Dataset section:
****************

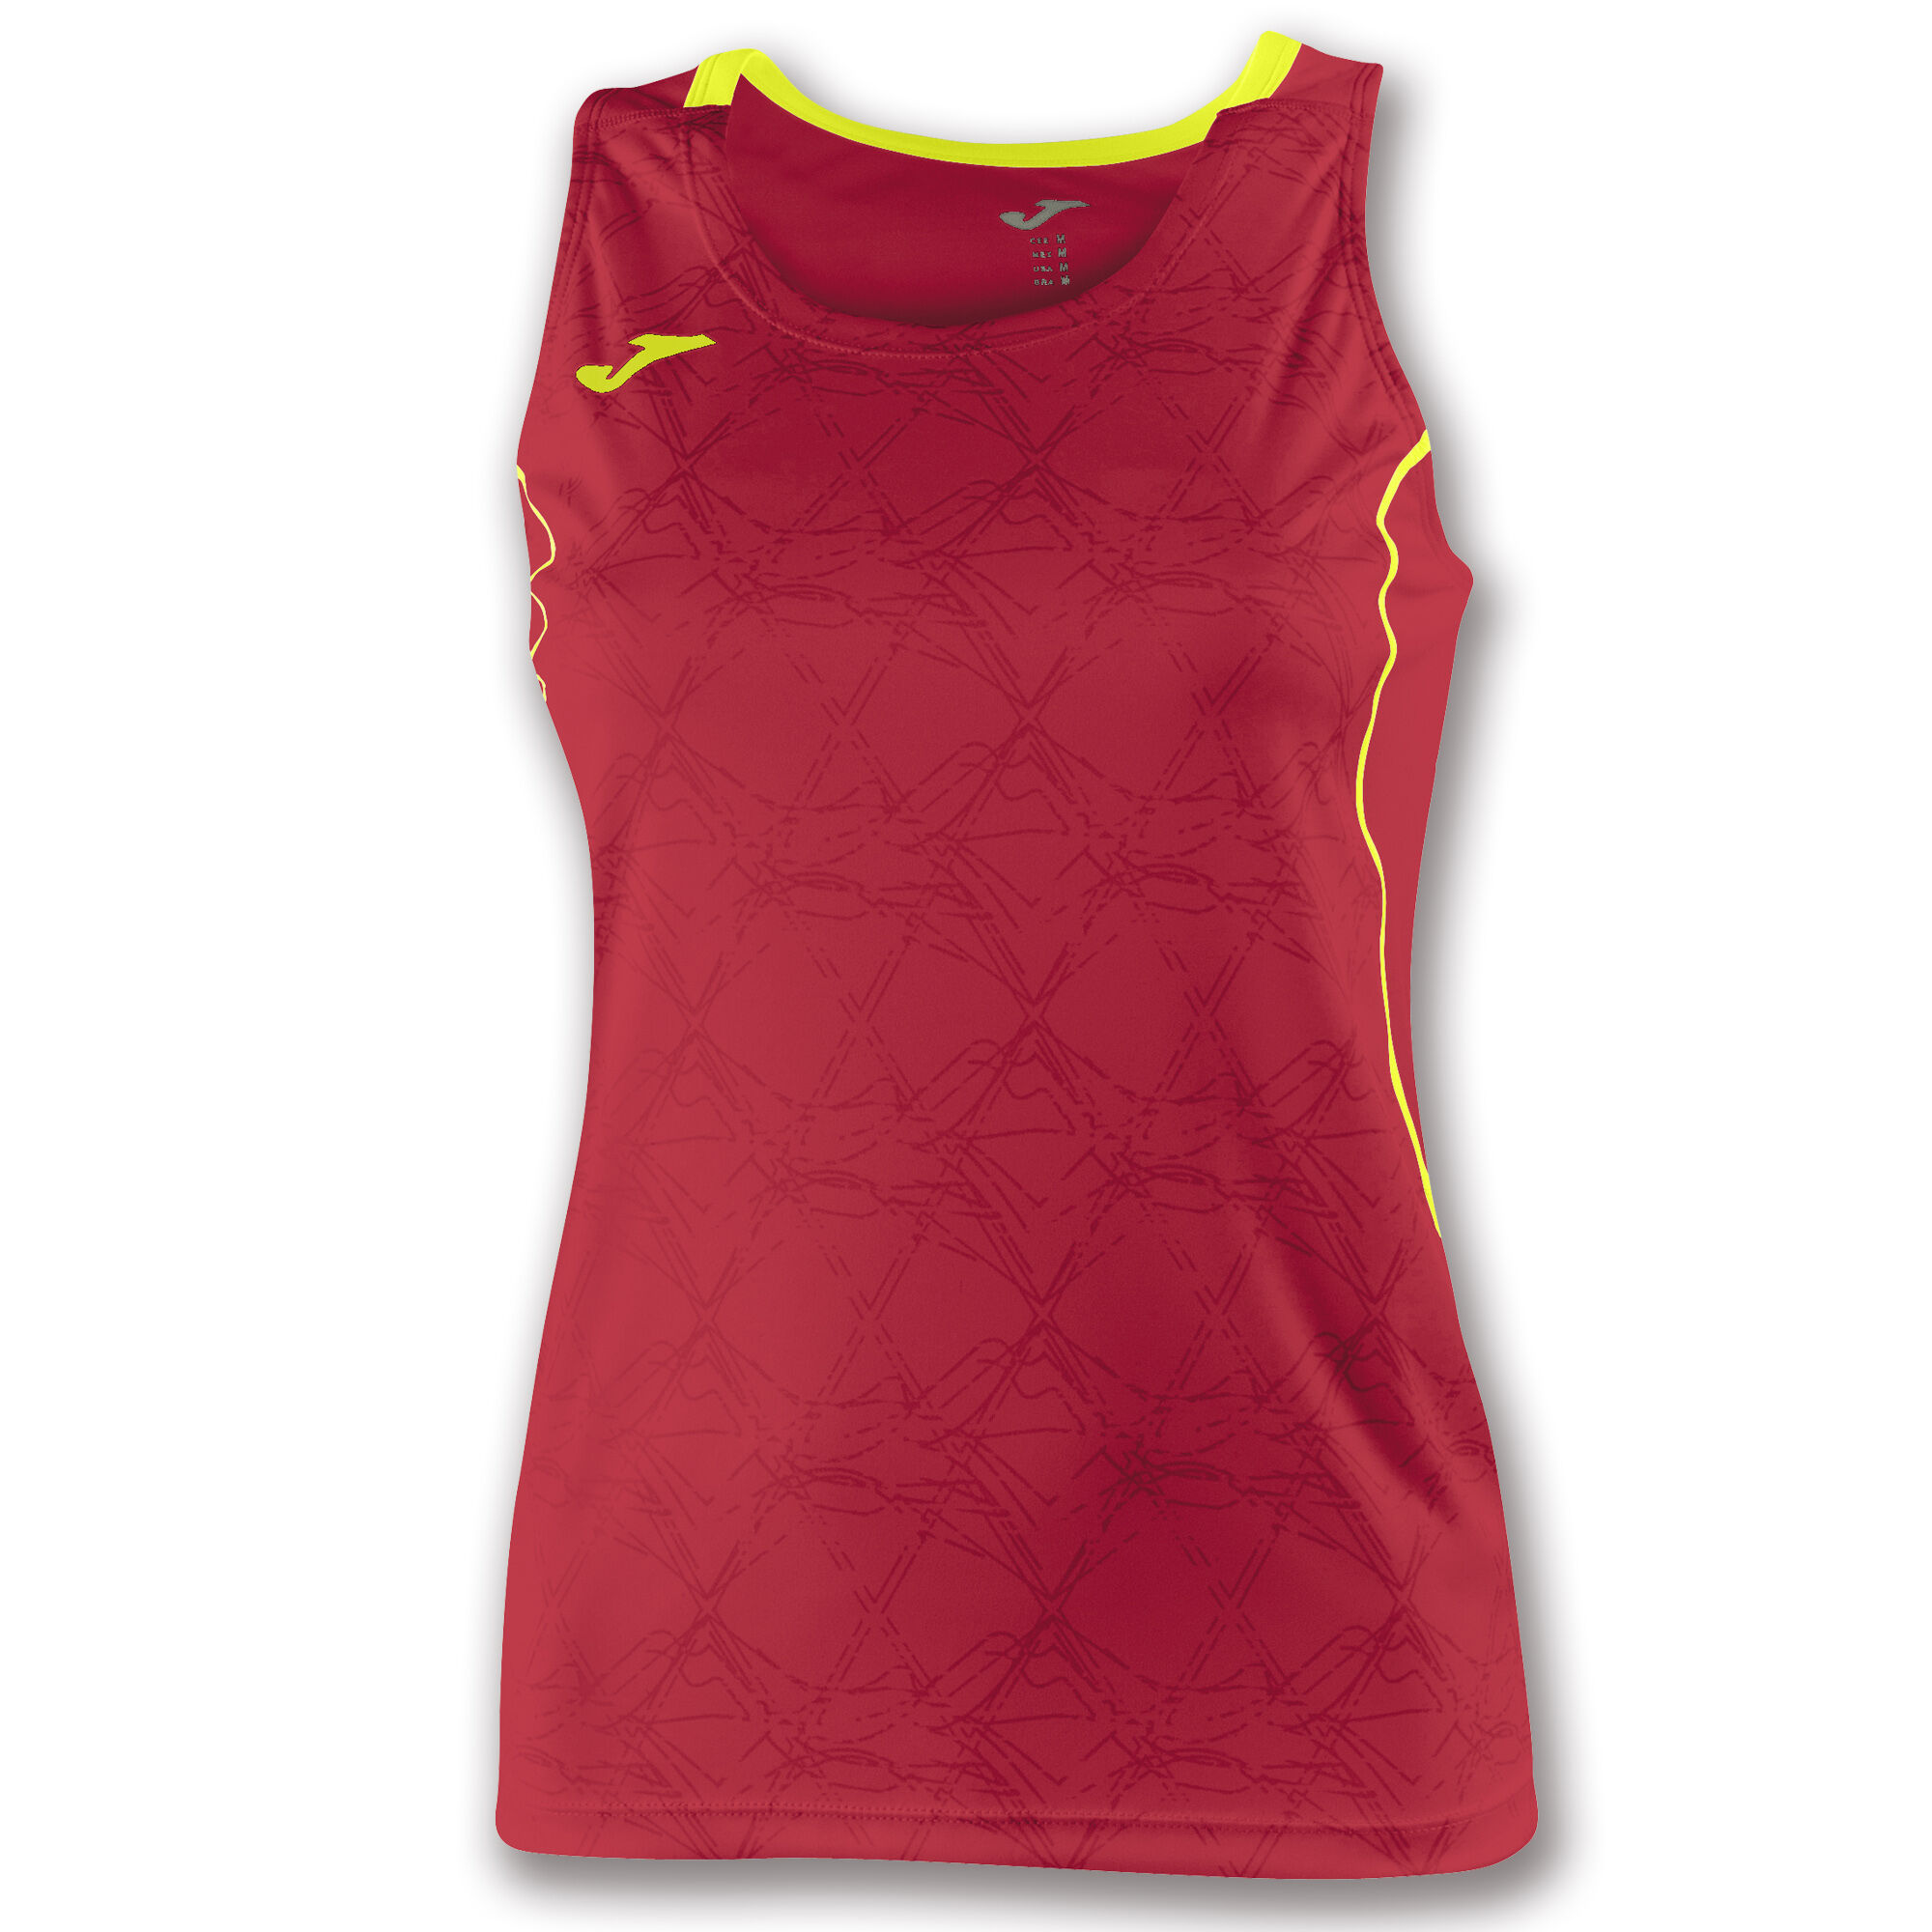 Camiseta sin mangas mujer Olimpia rojo amarillo
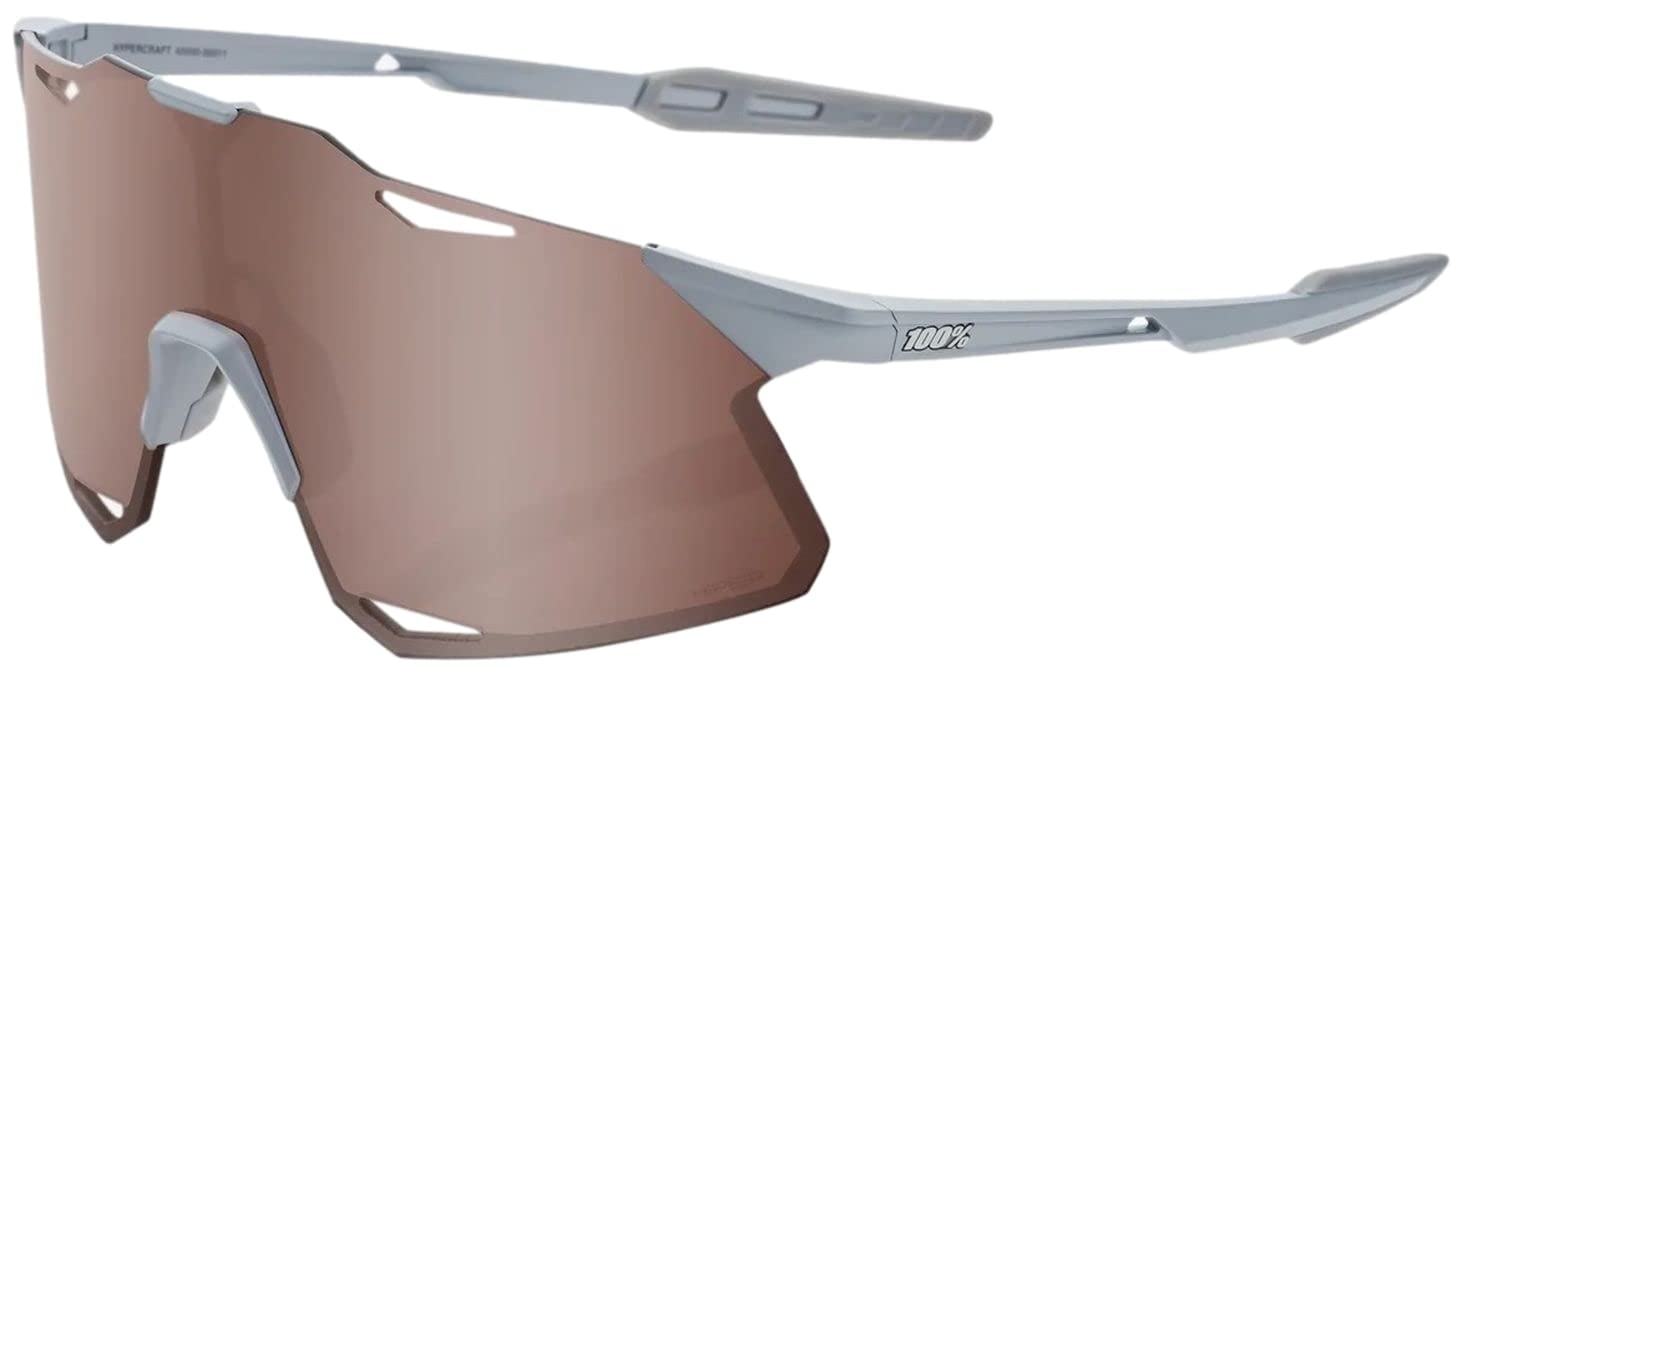 100% Hypercraft Sunglasses - Matte Stone Grey; Hiper Crimson Silver Mirror
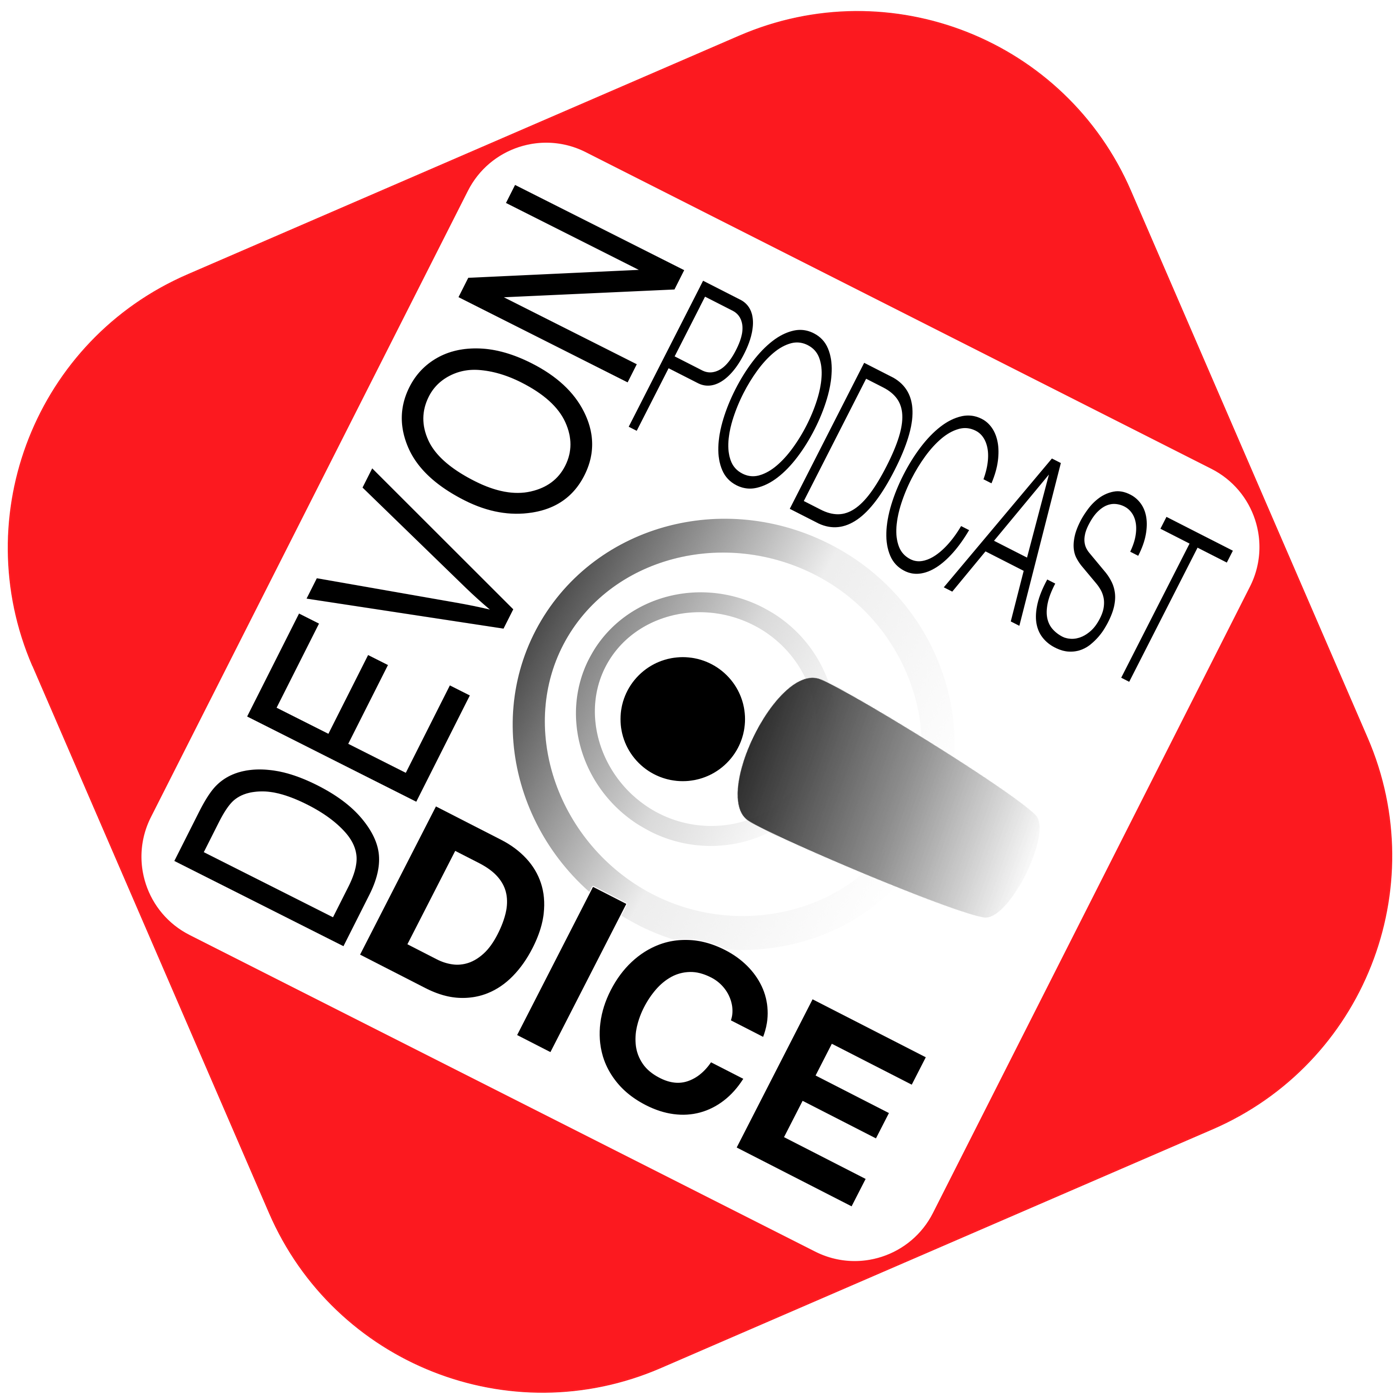 16 Devon Dice Podcast Scythe summer nights

****************

Required work: From the line containing "100% Hypercraft Sunglasses" to the final line above, both included, transcribe every line exactly and leave all pictures out.

Reply to the exercise:
 100% Hypercraft Sunglasses - Matte Stone Grey; Hiper Crimson Silver Mirror
 16 Devon Dice Podcast Scythe summer nights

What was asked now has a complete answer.